- 2018 Pharmacometric Programming Webinar:
The American Statistical Association (ASA) Section for Statistical Programmers and Analysts (SSPA) and the Statistics and Pharmacometrics Interest Group (SxP) jointly sponsored a webinar on Pharmacometric Programming. The webinar will take place on Tuesday, Jan 30th from 12:00-1:30 pm. The description and registration instructions are listed below. Please note that multiple persons are encouraged to view each registered connection (for example, by projecting the webinar in a conference room).
Title: Pharmacometric Programming
Presenters: Amit Roy, Jing Su, Neelima Thanneer, and Jeffry Florian
Date and Time: Tuesday, January 30, 2018, 12:00 p.m. – 1:30 p.m. Eastern time
Registration Deadline: Friday, January 26, at 12:00 p.m. Eastern time
ASA Joint Statistical Meeting (JSM) 2017: July 29 – August 3 2017 in Baltimore, WA. Topic contributed papers by our interest group on Pharmacometric Programming: Thu. August 3rd, 2017, 8:30 AM - 10:20 AM
Clinical Pharmacology Workshop Series 2017: August 9 – 11 2017 in Salt Lake City, Utah, USA. By University of Utah, Department of Pediatrics, Division of Clinical Pharmacology.
CENISBS: Joint Conference on Biometrics & Biopharmaceutical Statistics: 28 August – 1 September 2017 in Vienna, Austria
PODE: 12th Workshop on Population Optimum Design of Experiments (PODE) 2017, Friday, 8 September 2017, the Biostatistics and Pharmacometrics department of Novartis Pharma.
One of the highlights will be our Steering Committee Member, Jose Pinheiro's talk, on “Exposure-response modeling for dose selection under model uncertainty: Extending the MCP-Mod approach”. This goes beyond the typical PK sampling time point optimization and exemplifies the relationship between study design aspects and optimal design considerations.
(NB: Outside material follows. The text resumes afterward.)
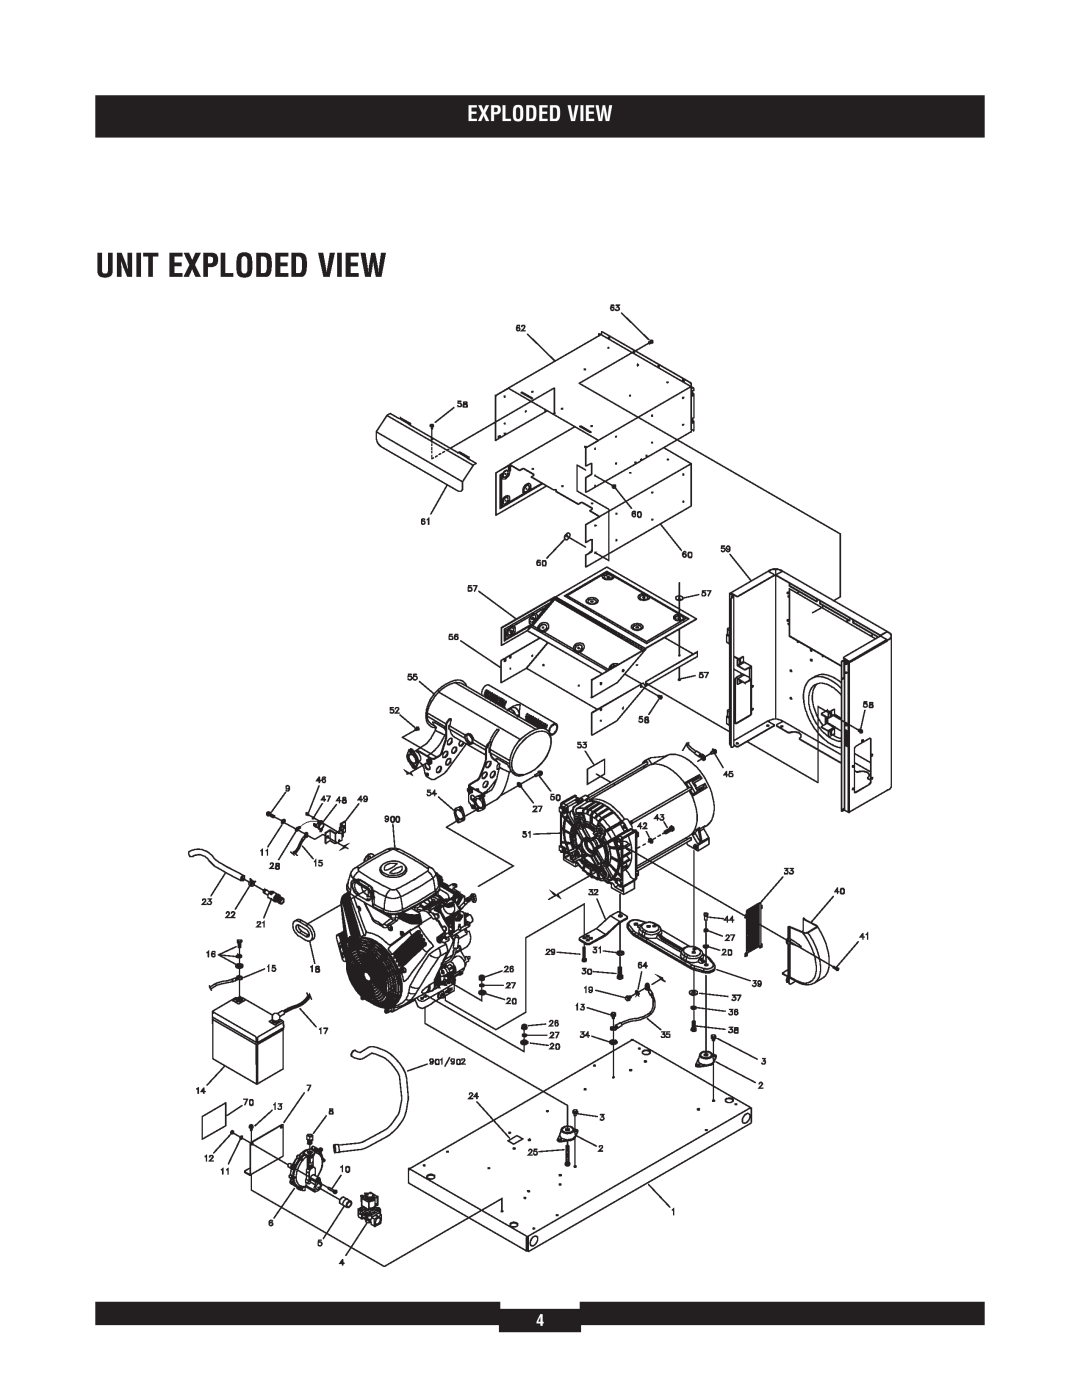 Briggs & Stratton 40211 manual Unit Exploded View

SxP Proposed session accepted by ACoP8 (October 15-18, 2017 in Fort Lauderdale, FA, USA): Integrating quantitative disciplines - Making model-informed discovery and drug development (MID3) work in practice, proposed by Mark K. Smith (Pfizer).
To truly deliver model-informed discovery and drug development (MID3), we need to integrate information across a wide range of quantitative disciplines - systems pharmacology, clinical pharmacology, pharmacometrics, statistics, epidemiology, decision scientists. Yet there is a danger that each discipline works in isolation, developing models and making inferences. Models and information sharing struggles to cross between quantitative groups. Assumptions are not well captured, articulated or shared in ways that make model scope and limitations clear. Instead of accumulating knowledge and understanding across the quantitative groups, we get mistrust, rework and a myopic view. But by embracing the principles of MID3, employing good practice, and finding suitable ways to share and build on knowledge which accumulates across disciplines we can work more effectively to bring a complete picture of drug action to development of new medicines and drug regimens, and to use that information to plan and design efficient studies. In this session we will look at how the quantitative disciplines might work together effectively, break down silos, work together on models, effectively share information, inform design, make better inferences and decisions.